D’autre part, Escriva a indiqué que si la Conférence sectorielle sur l’immigration n’a pas été convoquée dans cinq ans, « ce sera parce que personne ne l’a demandé ». C’est ce qu’il a déclaré lorsque le sénateur du PP, Emilio José Navarro Castanedo, lui a demandé quand aurait lieu cette réunion, qui aura finalement lieu le lundi 20 novembre, comme l’ont confirmé des sources départementales à Europa Press.

De même, le ministre de l’Inclusion par intérim a insisté sur le fait que la Conférence sectorielle est « de nature structurelle » et qu’« elle ne sert pas à résoudre ou à aborder les problèmes aigus d’arrivée ».

Il a en outre comparé l’arrivée des réfugiés ukrainiens à la crise migratoire actuelle. En ce sens, il a assuré que cette fois-ci « il n’y a pratiquement aucun impact sur les communautés autonomes » et, s’il y en a, « il y a quelque chose sur les mairies ».

7 000 MINEURS NON ACCOMPAGNÉS

Dans ce sens, il a souligné qu’à l’heure actuelle, il reste 4.000 migrants aux Îles Canaries, à l’exception des mineurs non accompagnés, qui, a-t-il rappelé, ne relèvent pas de la responsabilité de l’État et qu’ils sont « environ 7.000 ». Il a souligné à ce stade que les communautés autonomes n’ont pas accepté « plus que d’en accueillir 400 ».

Il a également souligné qu’actuellement, sur l’île d’El Hierro, il n’y a « pratiquement » aucun immigrant. « Nous les déplaçons immédiatement », a-t-il assuré, interrogé par le sénateur du Groupe parlementaire pluriel, Aniceto Javier Armas González, sur « les actions menées par le gouvernement pour accueillir les émigrés qui arrivent aux îles Canaries et leur redistribution des adultes ». et mineurs entre les communautés autonomes ».

Armas a indiqué au ministre par intérim que la situation que l’on vit aux îles Canaries, notamment à El Hierro, est « un drame humanitaire ». « Une centaine de canoës sont entrés dans le port de La Restinga.

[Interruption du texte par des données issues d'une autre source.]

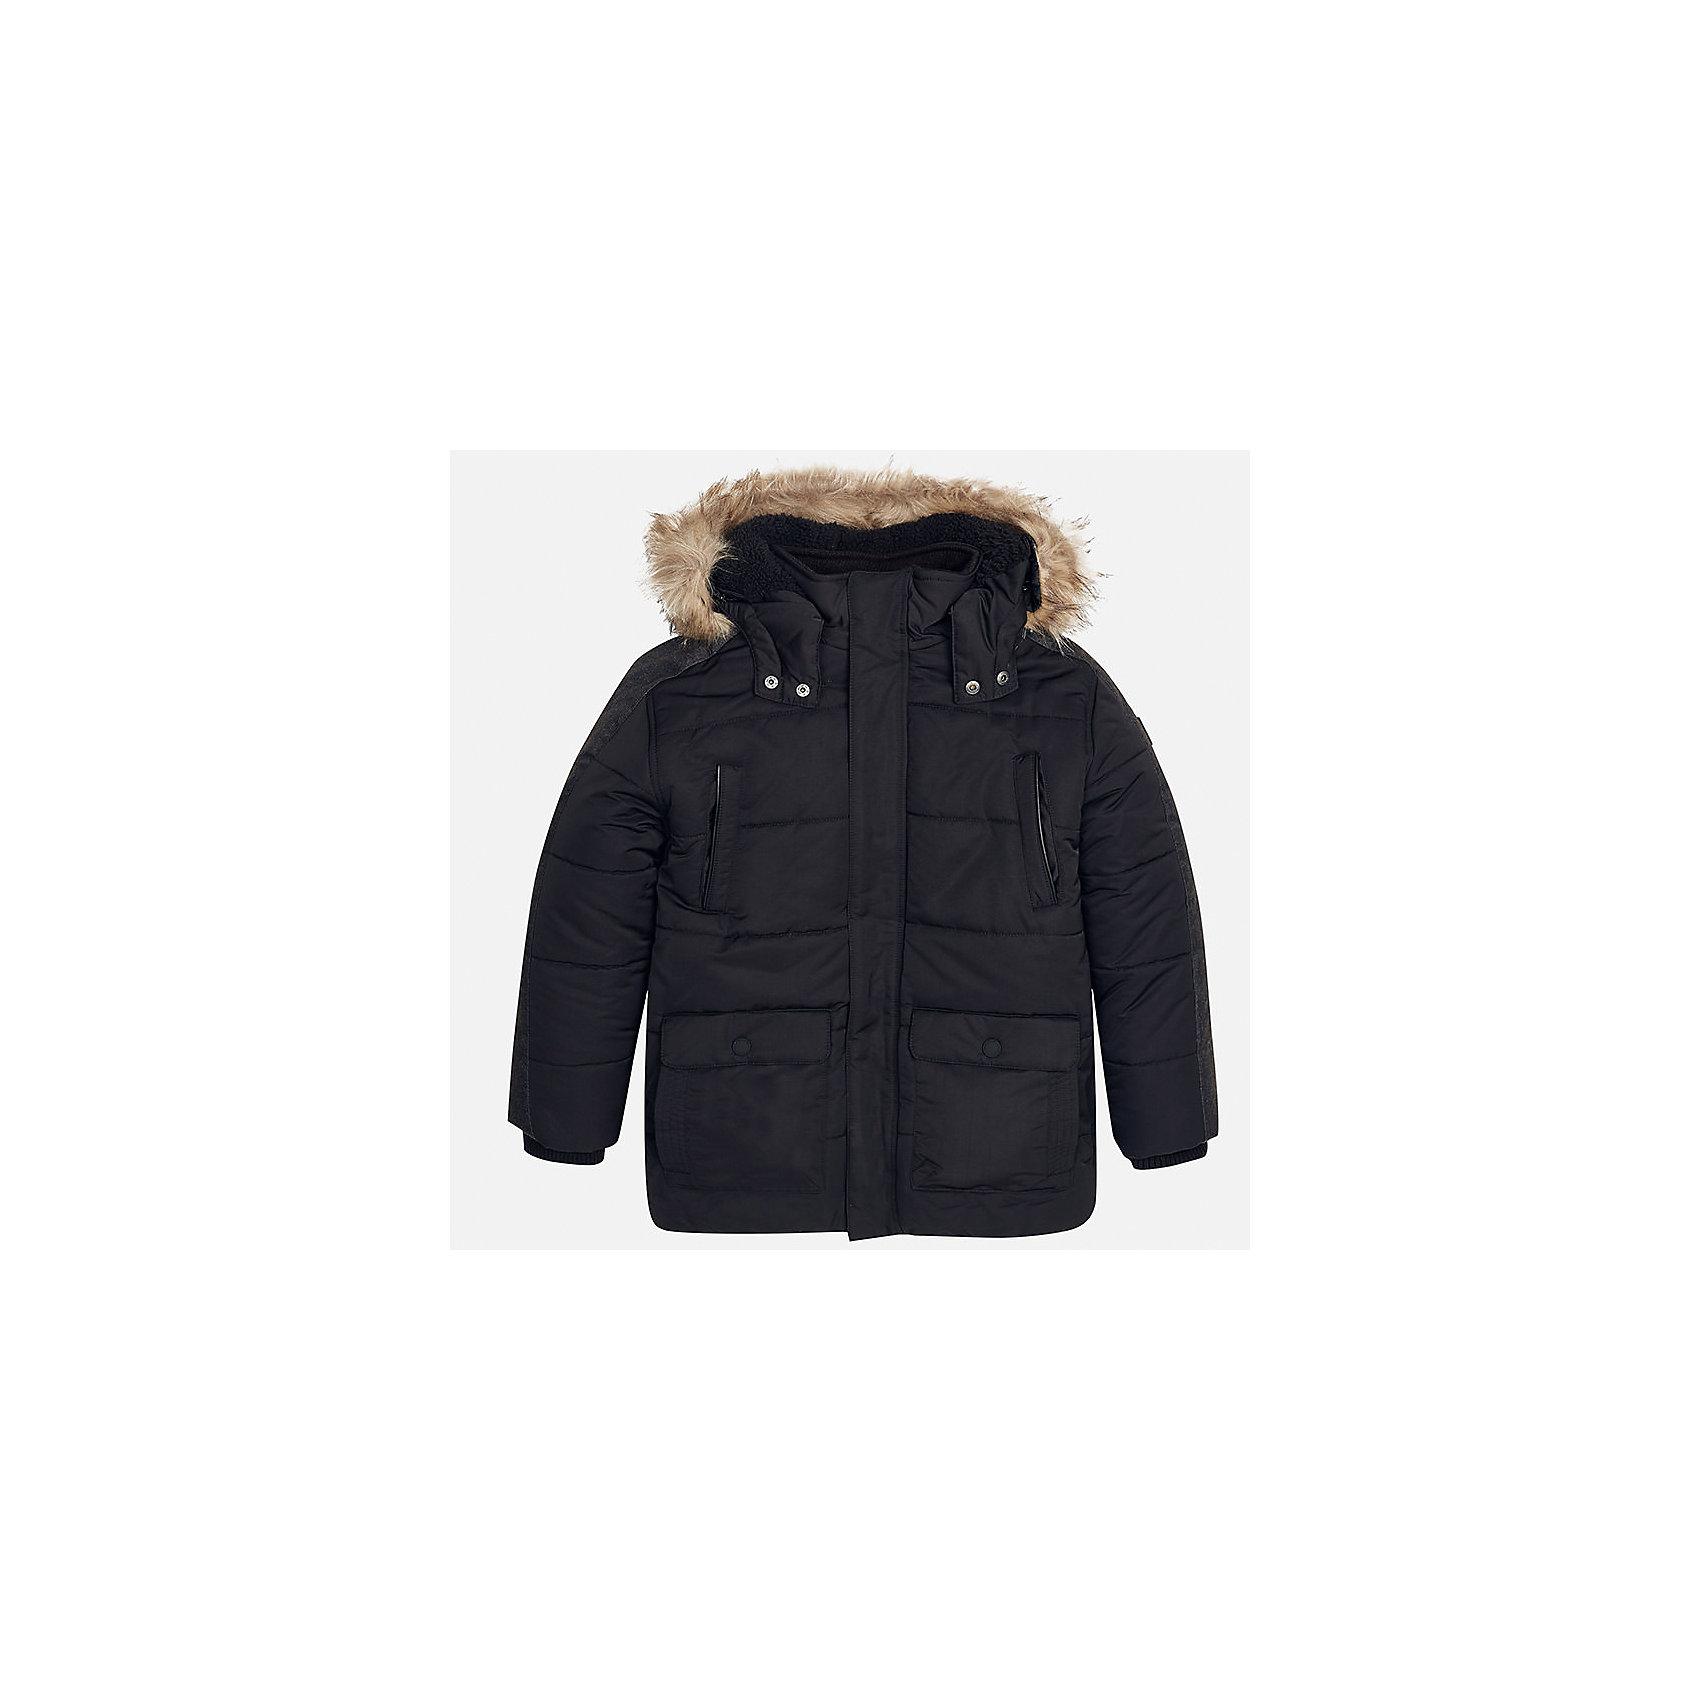 Куртка для мальчика MayoralДемисезонные куртки<br>Характеристики товара:<br><br>• цвет: черный;<br>• сезон: демисезон;<br>• температурный режим: от 0 до -10С;<br>• состав ткани: 100% полиэстер;<br>• состав подкладки: 100% полиэстер;<br>• на молнии и на кнопках;<br>• фасон: парка;<br>• капюшон:   отстегивается, с мехом;<br>• страна бренда: Испания;<br>• страна изготовитель: Китай.<br><br>Утепленная демисезонная куртка для мальчика от популярного бренда Mayoral,  модный фасон - парка  несомненно понравится вам и вашему ребенку. Качественные ткани, безупречное исполнение, все модели в центре модных тенденций. <br><br>Удлиненная модель черного цвета выполненаиз качественной ткани и внутреннего утеплителя, обеспечивающие хорошую воздухопроницаемую защиту и тепло,  рукава на элестичных манжетах. Застегивается на молнию и на кнопки, капюшон отстегивается, украшен искусственной опушкой, кодкладка капюшона утеплена плюшем.   Верхние передние карманы на молнии и нижние передние карманы на кнопках. Декорирована стильными вставками на рукавах.<br><br>Легкая и теплая куртка-парка с капюшоном и карманами на холодную осень - теплую зиму. Грамотный крой изделия обеспечивает отличную посадку по фигуре. <br><br>Утепленная демисезонная куртка для мальчика Mayoral (Майорал) можно купить в нашем интернет-магазине.<br><br>Ширина мм: 356<br>Глубина мм: 10<br>Высота мм: 245<br>Вес г: 519<br>Цвет: черный<br>Возраст от месяцев: 168<br>Возраст до месяцев: 180<br>Пол: Мужской<br>Возраст: Детский<br>Размер: 170,140,152,158,164<br>SKU: 6938887

Un seul d’entre eux a transporté 320 êtres humains, le plus grand de l’histoire de l’immigration aux îles Canaries. Aujourd’hui, en raison du mauvais état de la mer, beaucoup arrivent très mauvais état », a-t-il ajouté.

De même, Armas a regretté que dans l’hôpital de l’île d’El Hierro, avec trente-deux lits, il y ait actuellement quinze patients admis et qu’il ait fallu créer de nouveaux espaces pour les soigner. Enfin, Armas a demandé à Escriva de désigner « maintenant » une autorité unique en matière d’immigration, ainsi que de nommer un directeur insulaire de l’administration de l’État à El Hierro. Le ministre a promis d’étudier leurs demandes.